Time-Series Databases

#Introduction

Metrics are not normal rows.

A request record says, "this request happened." A metric says, "this value changed over time, with these labels, and you will probably ask for it as a range." That difference drives the storage design.

Time-series databases are built for high write throughput, time-range scans, compression, downsampling, and label-based filtering. They show up in monitoring systems, IoT telemetry, financial tick data, and any product where the main question is "what changed over the last N minutes?"

#What Makes Time-Series Data Different

A metric sample usually looks like this:

{
  "name": "cpu_usage",
  "labels": {
    "host": "api-17",
    "region": "us-east-1",
    "service": "checkout"
  },
  "timestamp": "2026-04-20T12:00:00Z",
  "value": 0.82
}

The primary access pattern is not "find row by ID." It is:

read cpu_usage for the last hour
group by host, region, or service
compute average, p95, max, or rate
compare the latest window against a threshold

That is why TSDBs organize data by metric, label set, and time. They optimize writes by appending points and optimize reads by scanning compressed blocks for a time range.

#Push vs Pull Ingestion

There are two common ingestion models.

Pull-based collection: A monitoring system scrapes /metrics endpoints on a schedule. Prometheus made this model popular.

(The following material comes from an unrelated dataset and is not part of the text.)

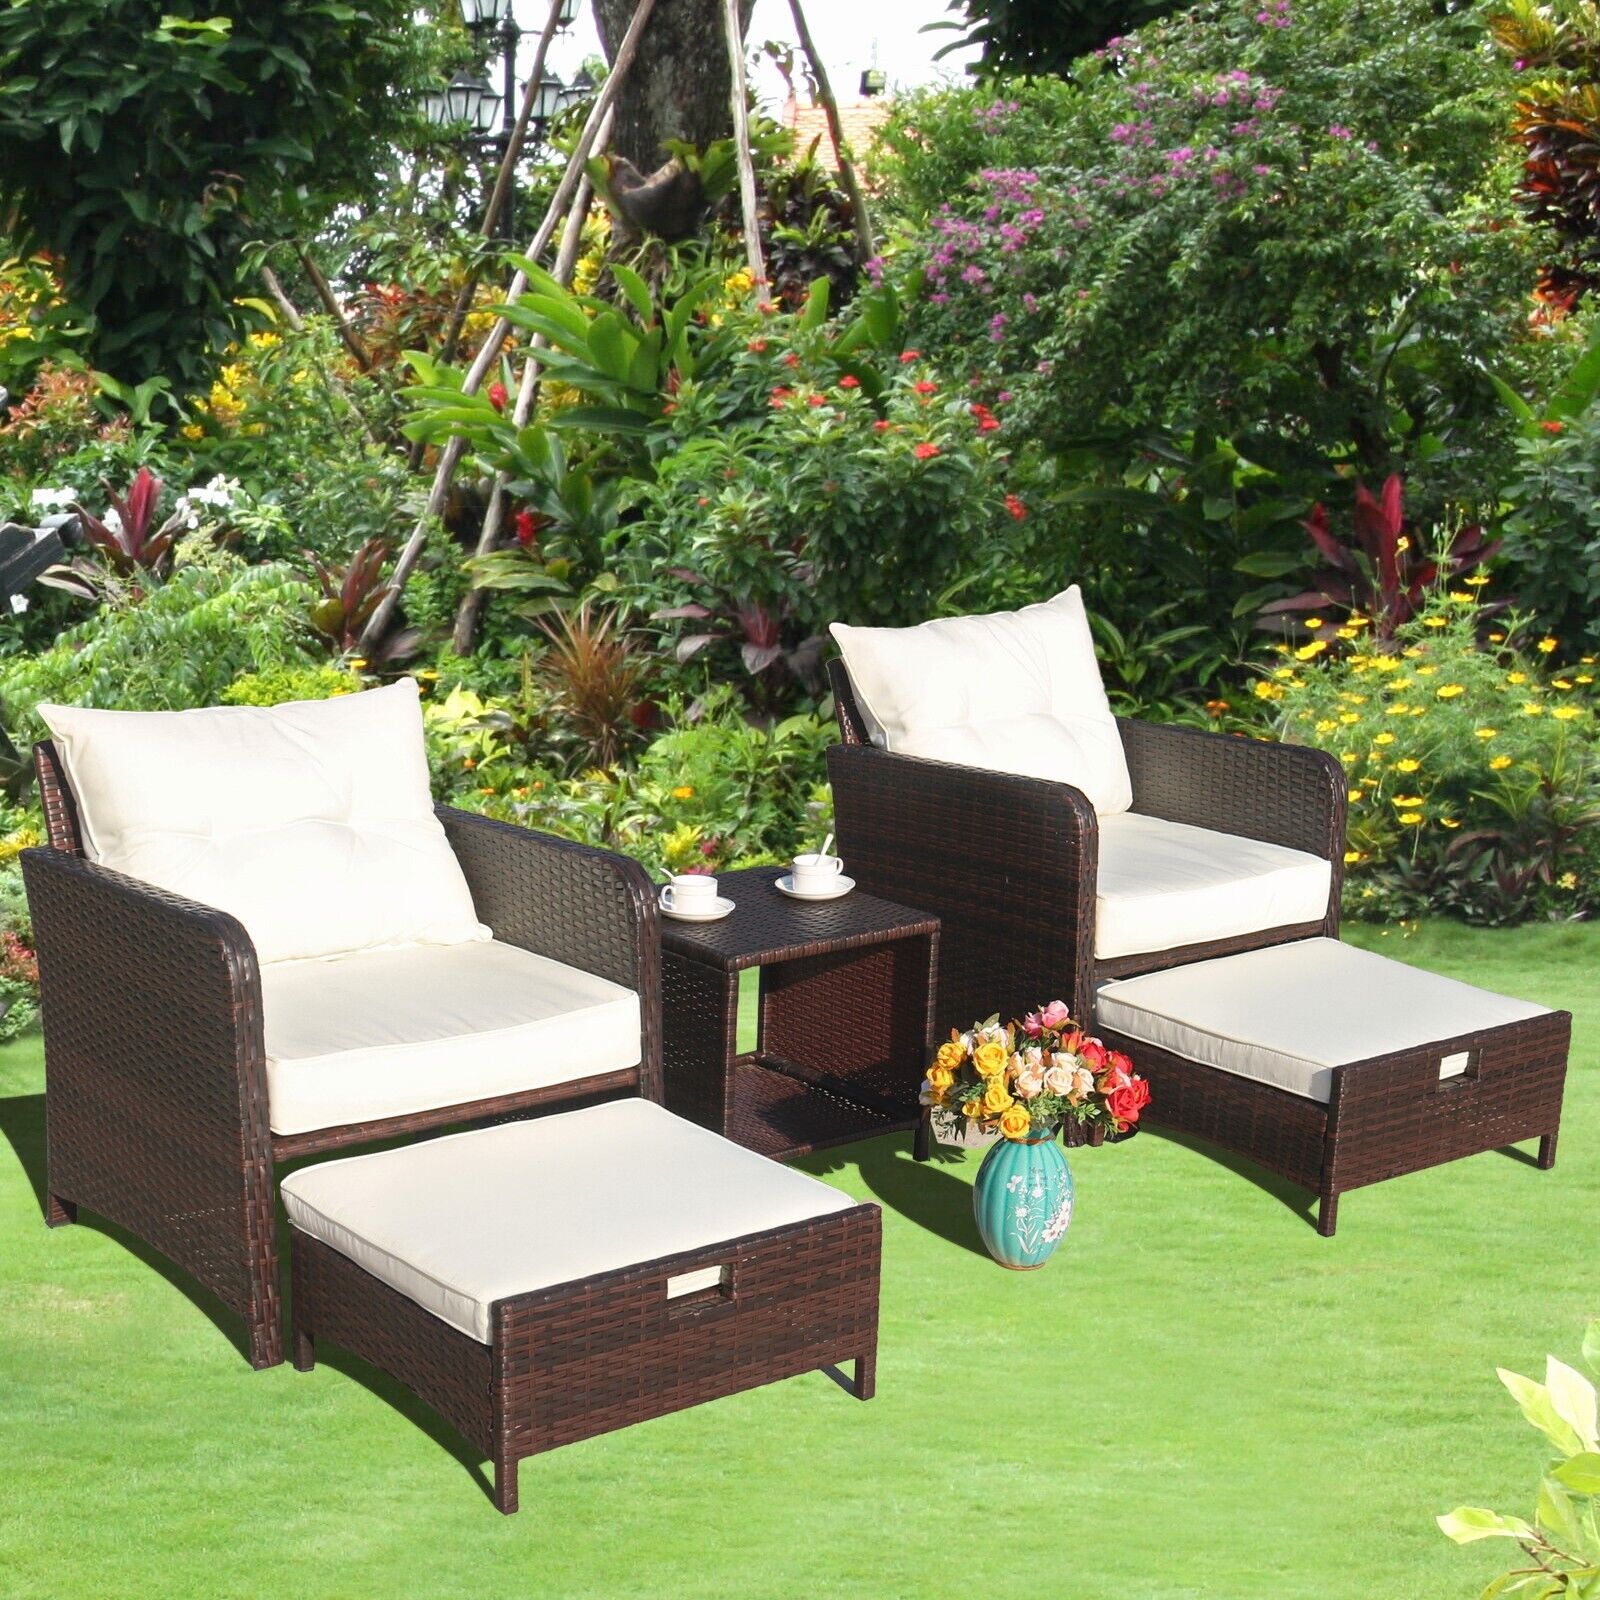 5PCS Patio Furniture Sectional Sofa Set Outdoor Rattan Wicker Couch W/Foot Stool

Good for service discovery and central control
Easy to know when a target stops responding
Harder when hosts sit behind firewalls or short-lived jobs disappear quickly

Push-based collection: Agents or services send metrics to collectors.

Good for edge devices, mobile clients, batch jobs, and locked-down networks
Easier to buffer locally during network issues
Needs stronger backpressure and authentication because clients can flood collectors

At scale, both models usually converge on a collector tier. Collectors normalize samples, reject bad labels, compress batches, and write to a durable buffer before storage.

#Rollups and Retention

Raw metrics are expensive. If 500,000 nodes emit 200 samples every 10 seconds, the system receives 10 million samples per second.

Dashboards rarely need all raw samples forever. They need useful summaries:

raw samples:    keep 7 days
10s rollups:    keep 14 days
1m rollups:     keep 30 days
1h rollups:     keep 1 year

Rollups are precomputed aggregates over time buckets. A 1-minute bucket might store count, sum, min, max, and p95 sketches. The dashboard can render a month of CPU data without scanning every raw point.

This is the main interview point: do not send every dashboard query to raw storage. Pre-aggregate into time buckets.

#Cardinality Control

Cardinality is the number of unique time series.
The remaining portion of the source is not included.